We learned that a good man passed last Saturday evening. Ed Kelleher, for 32 years an editor for the Richmond Times-Dispatch, was a much-loved newspaperman who had a half-dozen years on me. “He deeply cared about people,” said one of his colleagues. “His kindness and empathy were at the core of what made him a great journalist and co-worker.” He lived and wrote his stories in his hometown, close to people he loved.

We brought home new wisdom: no hiding out in fake places. The passing of a compassionate man and the tolling rush of time sharpens understanding: hold those you love close wherever you find adventure in existence, what you have left. The rough-edged neighborhood we left was a sensible place for a long time but whatever the landing place, discovery, passion, goodness still are possible to the end.

We unpacked. I walked out the kitchen door and looked at the yard. It was early evening, the sun was starting to sink beyond the roofs of neighbors’ homes. Nothing had changed: lawn furniture blown over in a storm, weeds spreading bright and green, a chunk of the back fence broken. I went back inside. Here, we’ll go on.   

Milford Gap

February 27, 2023

The runners arriving at the Milford Gap aid station were exhausted, cold, bleary-eyed. Sarah, the station team lead, had prepared tasty, wood-fired pizza, they devoured it and guzzled water. It was a crystal-clear early morning, but really still the middle of the night. The stars and a quarter moon glowed in the mountain sky. We let the runners sit for a few minutes, checked their condition, then sent them north on the Massanutten Trail.

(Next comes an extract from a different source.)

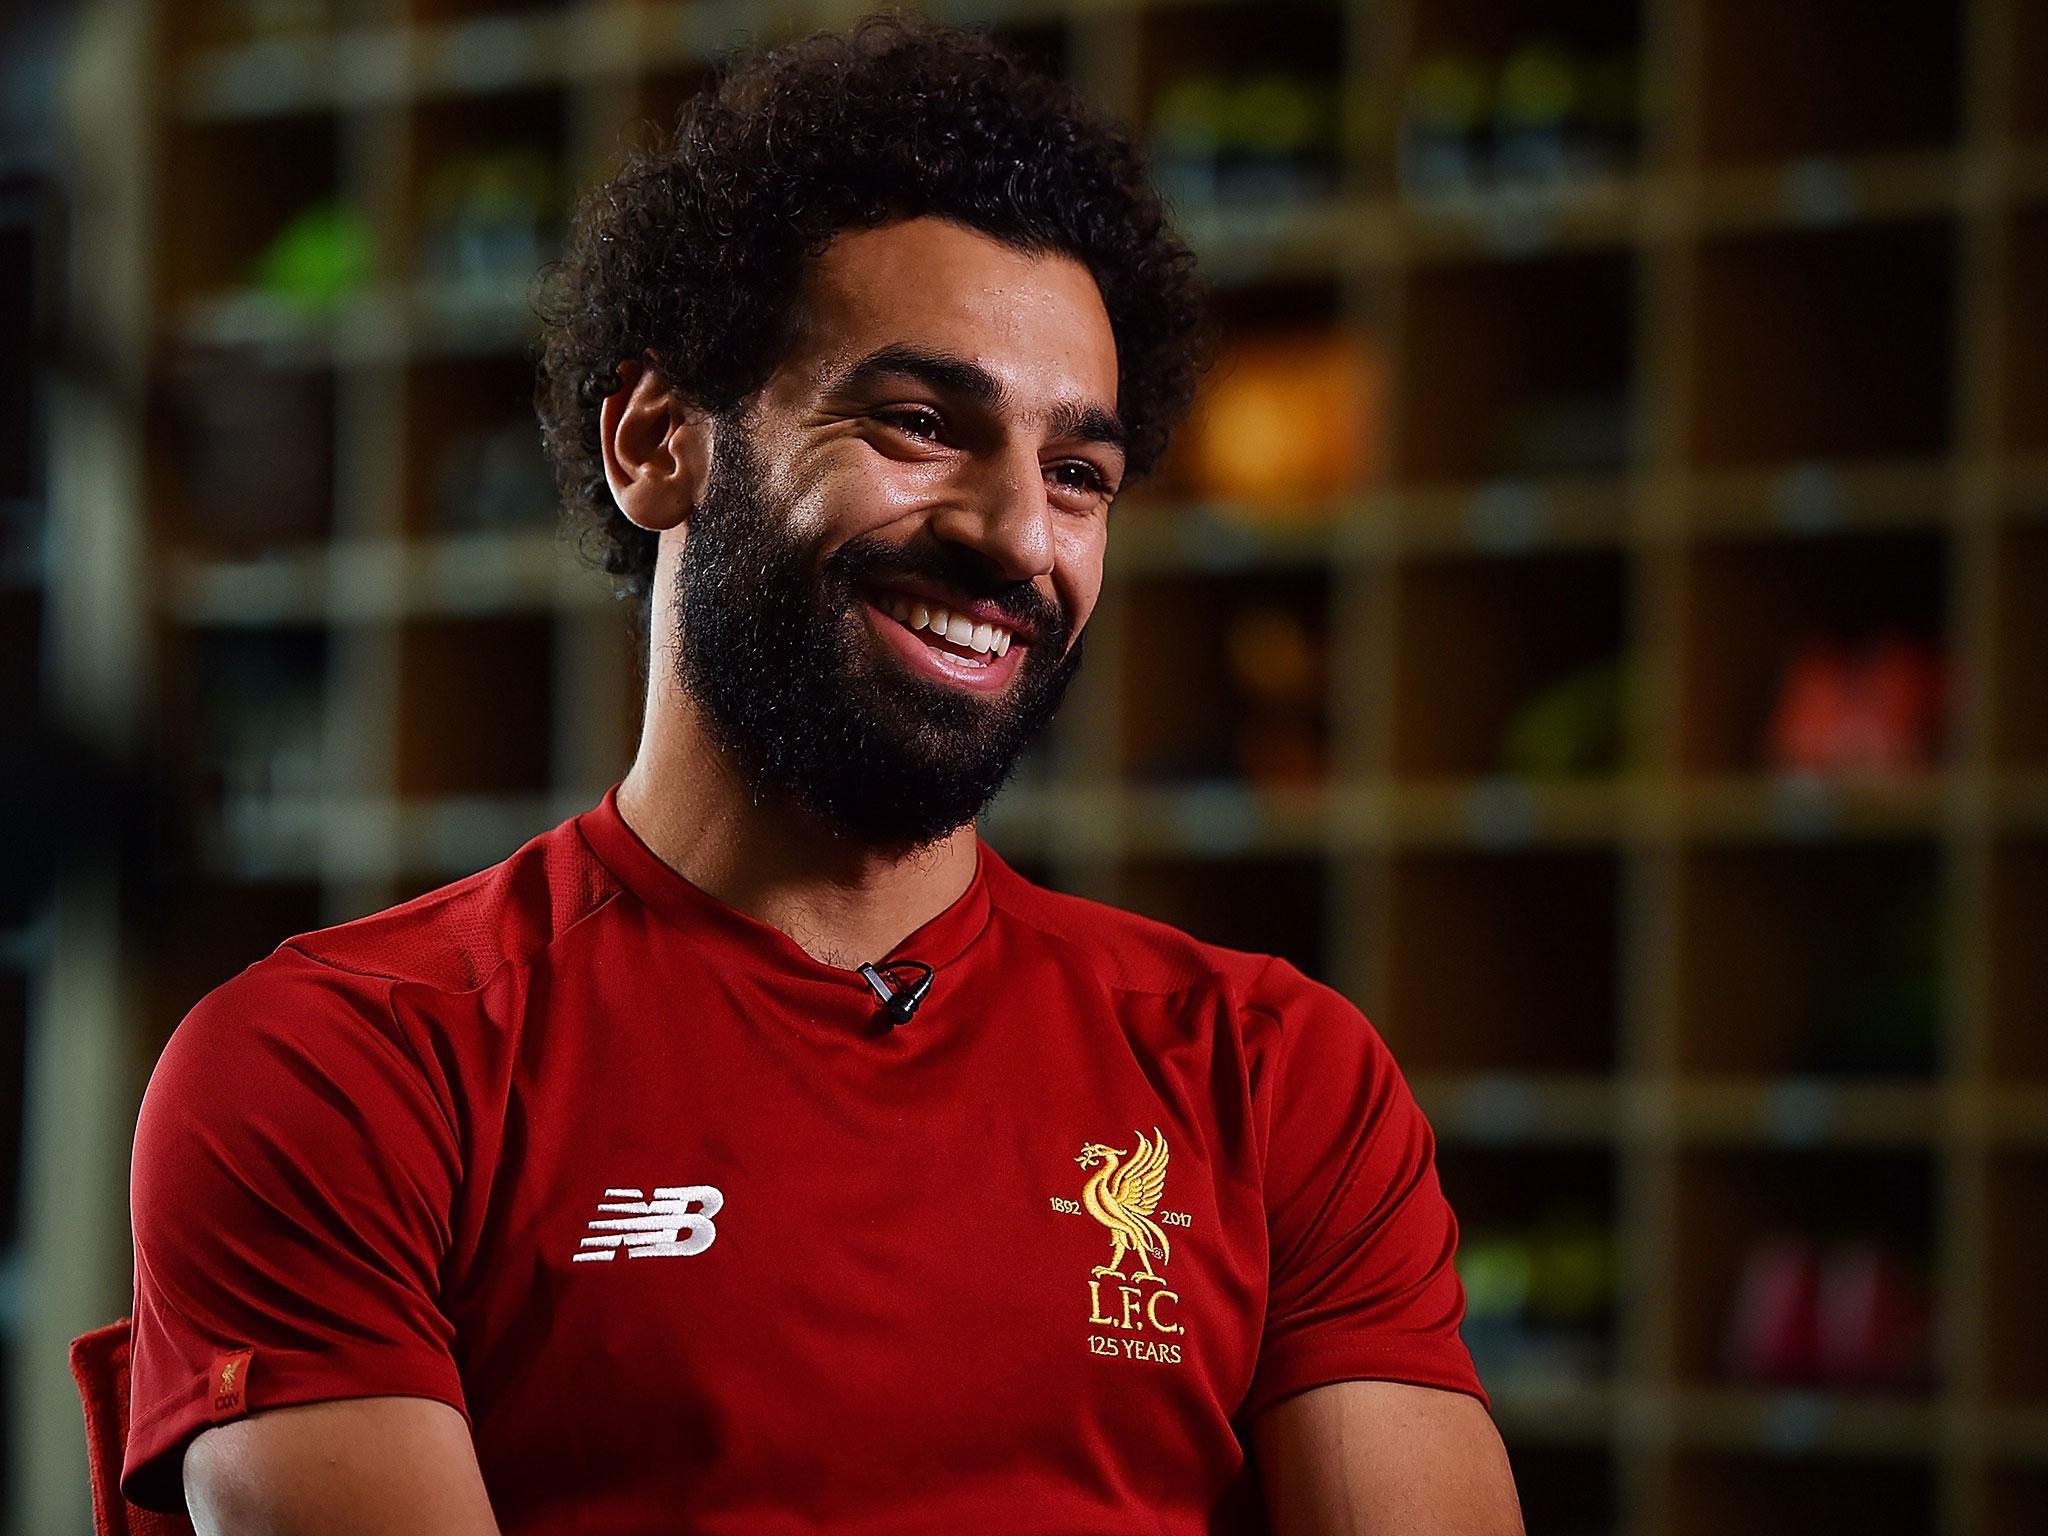 Mohamed Salah has put pen to paper on a five-year deal with the club

The team arrived at the station site mid-afternoon the previous day. Sarah picked up Stephanie, Mike, and Keith, all Milford Gap veterans, in Washington. She then stopped for me at a post office on Fort Valley Road, which runs through the eastern and western ridges of Virginia’s Massanutten range from Strasburg to Luray. We took a side road due east towards the ridge for maybe three miles. She found the trail intersection, pulled forward, and backed up the trail for a couple of hundred yards, nestling the car against the hillside on the passenger’s side. I shimmied out on the driver’s side.

Sarah, team lead

We hauled the folding table, portable stove, utensils, food, water, and bottles of Sarah’s choice of wines a steep half-mile up the Milford Gap trail. Larry, a team member who lives nearby, had erected a canopy and cut a couple of cords of firewood. We set up, Mike got the fire going.

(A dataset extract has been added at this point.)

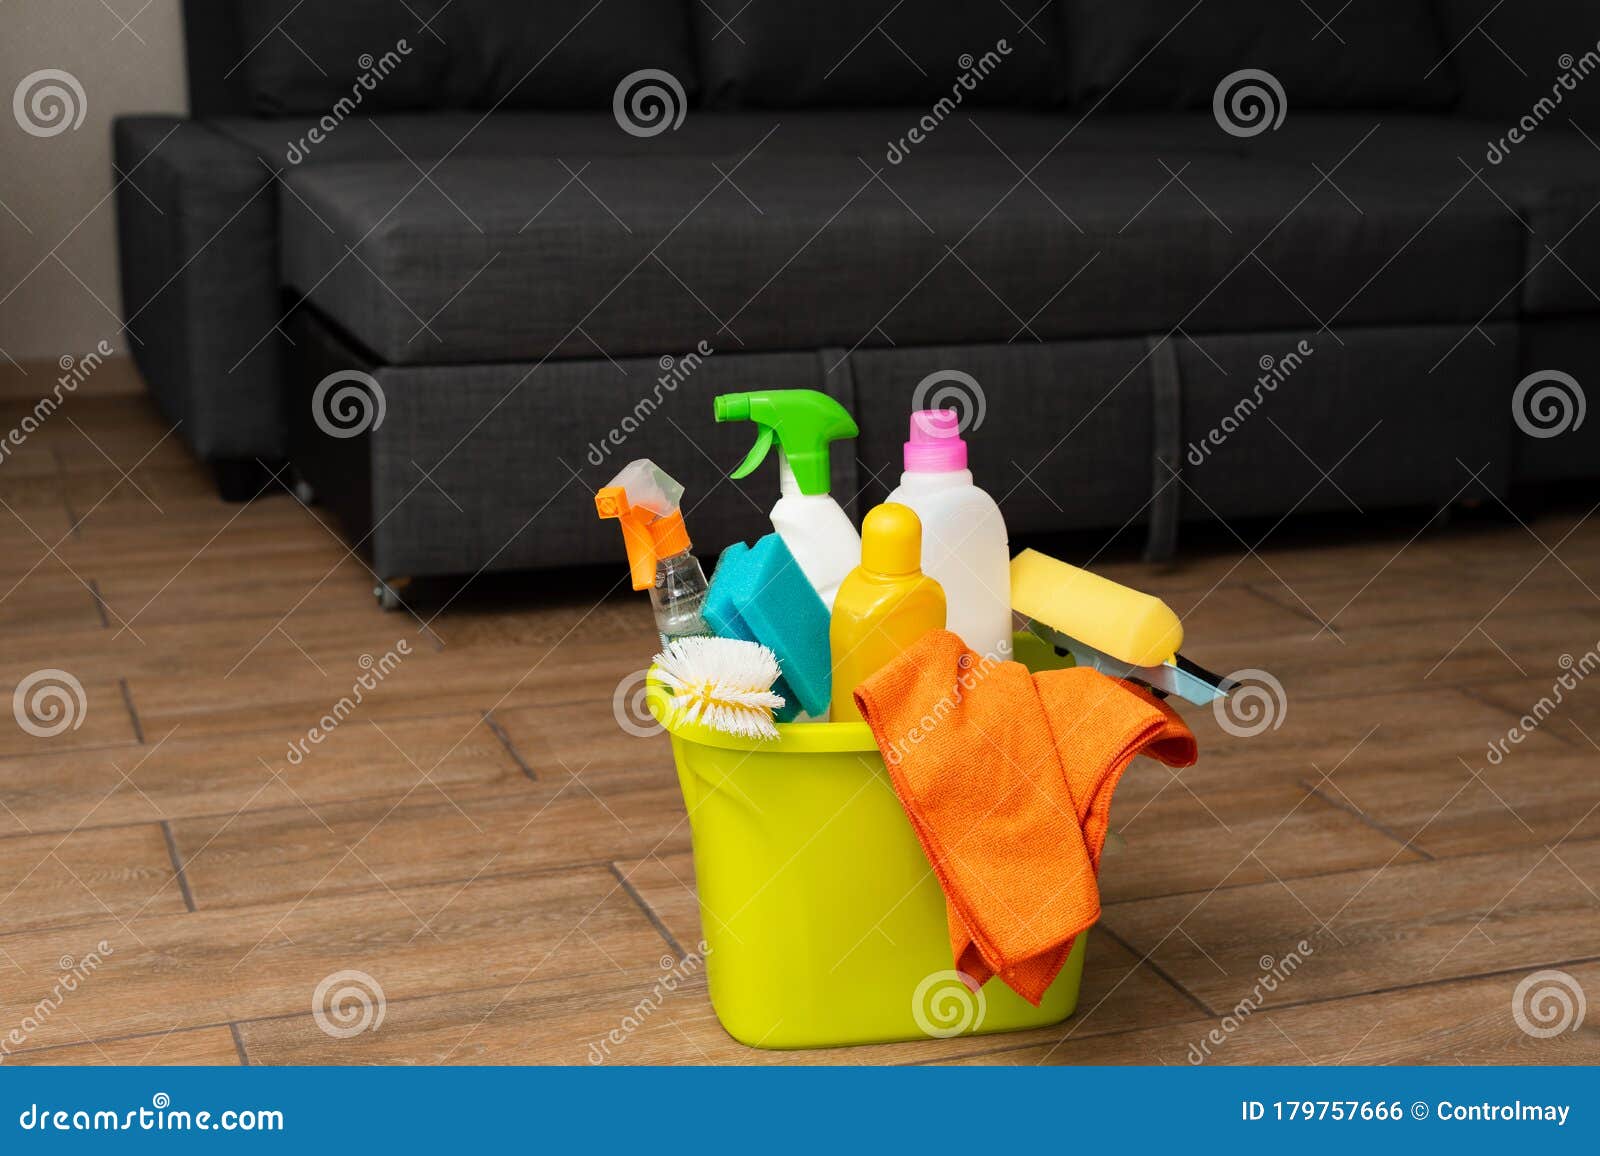 a yellow bucket with detergent in on the floor. the cleaning supplies are in bucket

This was for the Reverse Ring, a strange, 71-mile trail run held the last weekend of February by the Virginia Happy Trails Running Club. Milford Gap is an obscure place among many obscure places in the George Washington National Forest along the orange-blazed Massanutten Trail. Sarah had established the Milford station at the site eight years ago, roughly equidistant from the 45-mile aid-station at Camp Roosevelt and the finish at Signal Knob mountain, the northernmost point in the Massanuttens.

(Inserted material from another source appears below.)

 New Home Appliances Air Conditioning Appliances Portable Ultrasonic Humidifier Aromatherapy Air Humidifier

About 15 runners started the race at 6:00 AM Saturday. Ten stepped back on the trail that evening at Roosevelt for the 12 miles to Milford. We waited. Hours passed, the temperature dropped into the thirties, maybe twenties. Sitting near the fire we could see our breath. Sarah cooked the pizzas on the hot coals and passed them around. It was my birthday, she handed me the first slices. “Happy birthday,” everyone said with a smile.

We talked about trailrunning, family, work, health, got to know each other better. I recalled my last Reverse Ring in 2018, when I arrived at Milford around 2:00 AM, out of water and close to dehydration. The team refueled me and pointed me at the trail. “Stay on orange,” Sarah said, or something like that. The trail forks just below the station, a wrong turn would take the runner on a dangerous down-mountain trek into oblivion. I stumbled but got the turn right and finished in daylight.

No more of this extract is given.